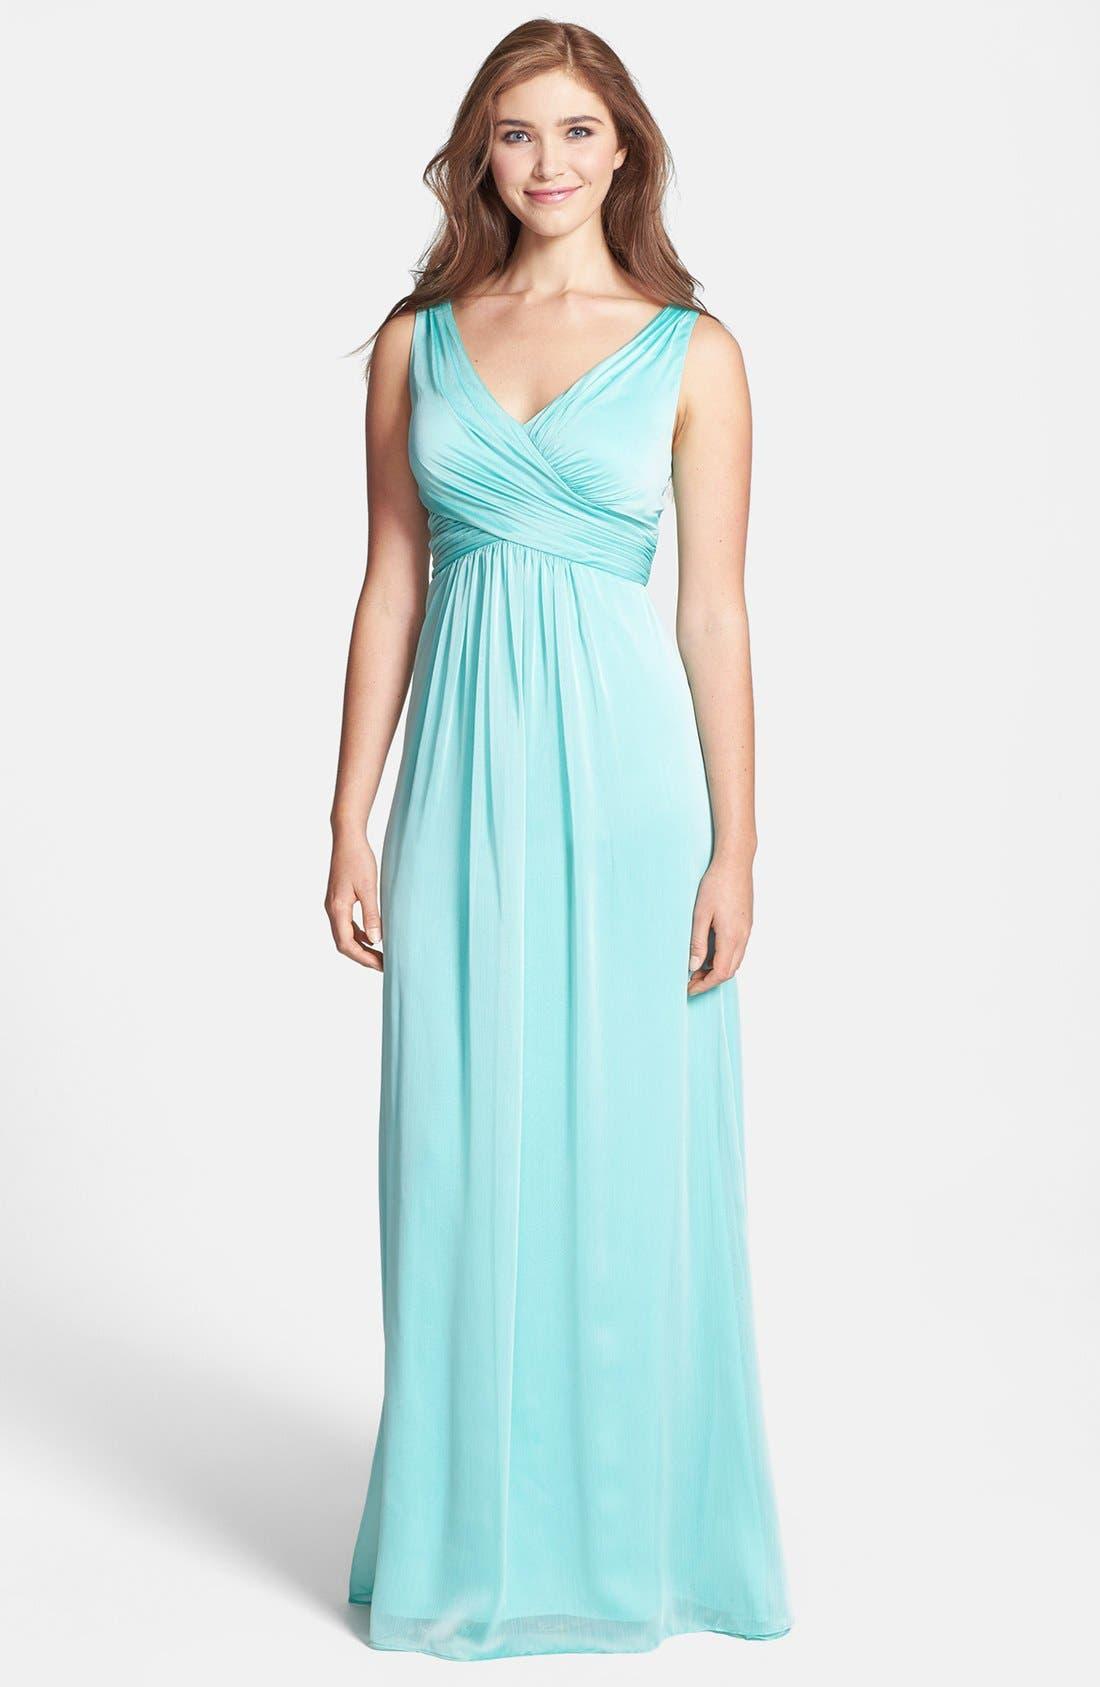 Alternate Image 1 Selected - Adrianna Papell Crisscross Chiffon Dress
...
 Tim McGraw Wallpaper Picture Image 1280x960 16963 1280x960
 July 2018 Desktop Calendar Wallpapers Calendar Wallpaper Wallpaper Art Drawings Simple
* * *
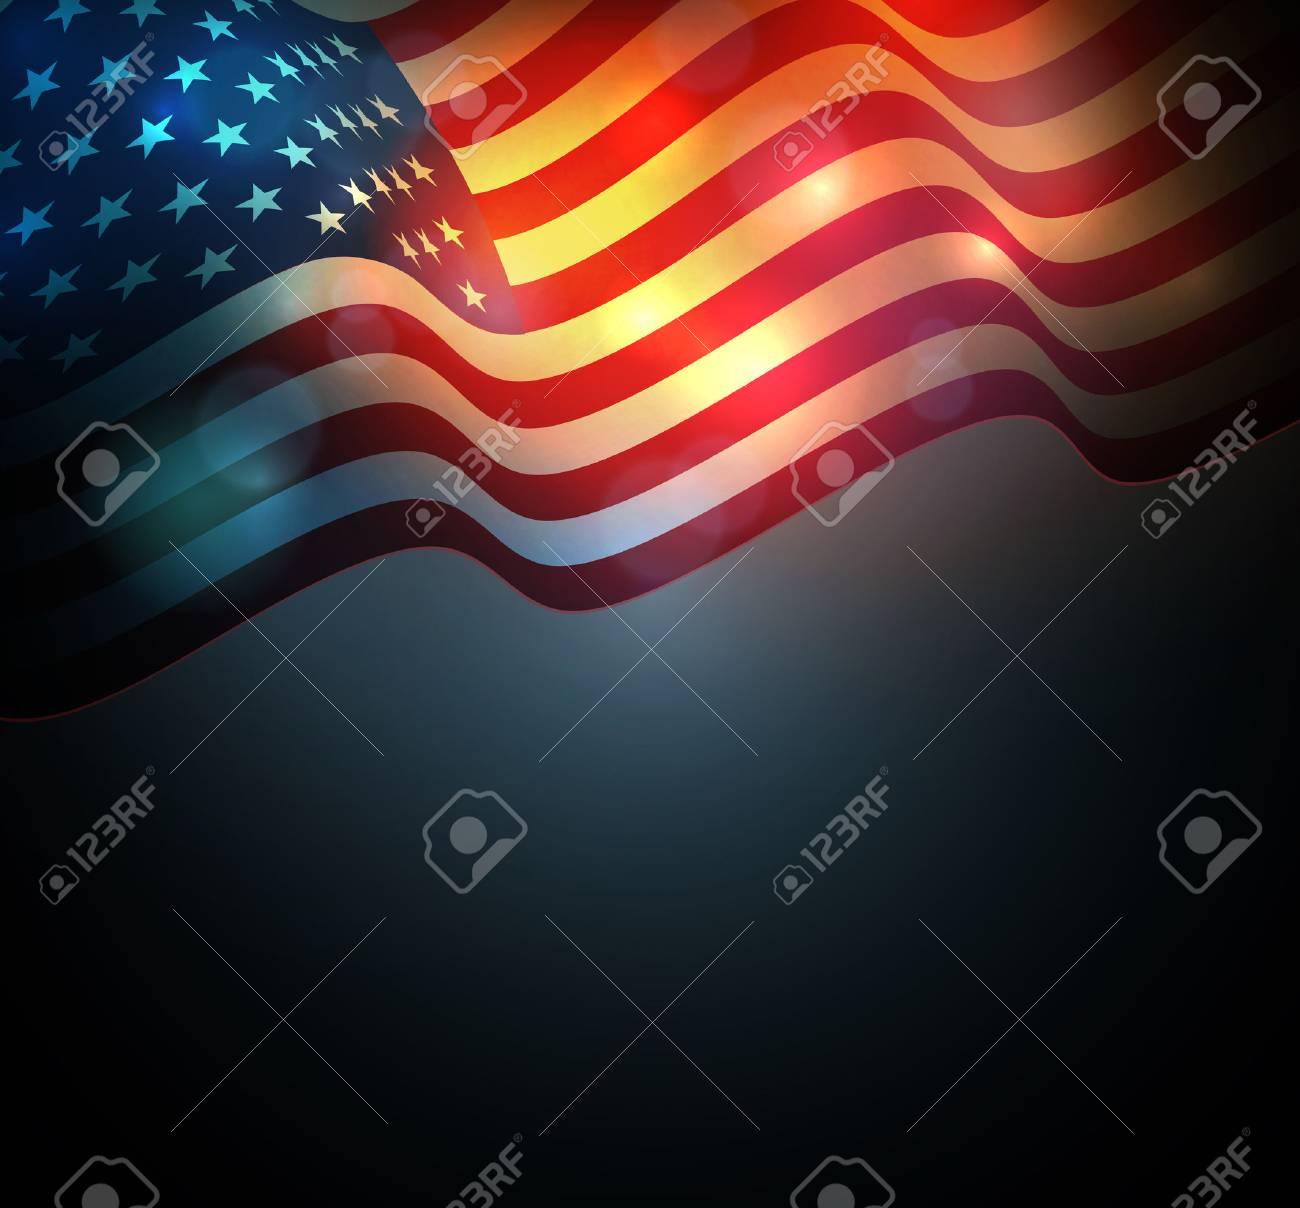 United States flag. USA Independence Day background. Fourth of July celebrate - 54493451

*What to work on*
Say how many lines above contain "Wallpaper", and give no words besides the number.

*Task result*
2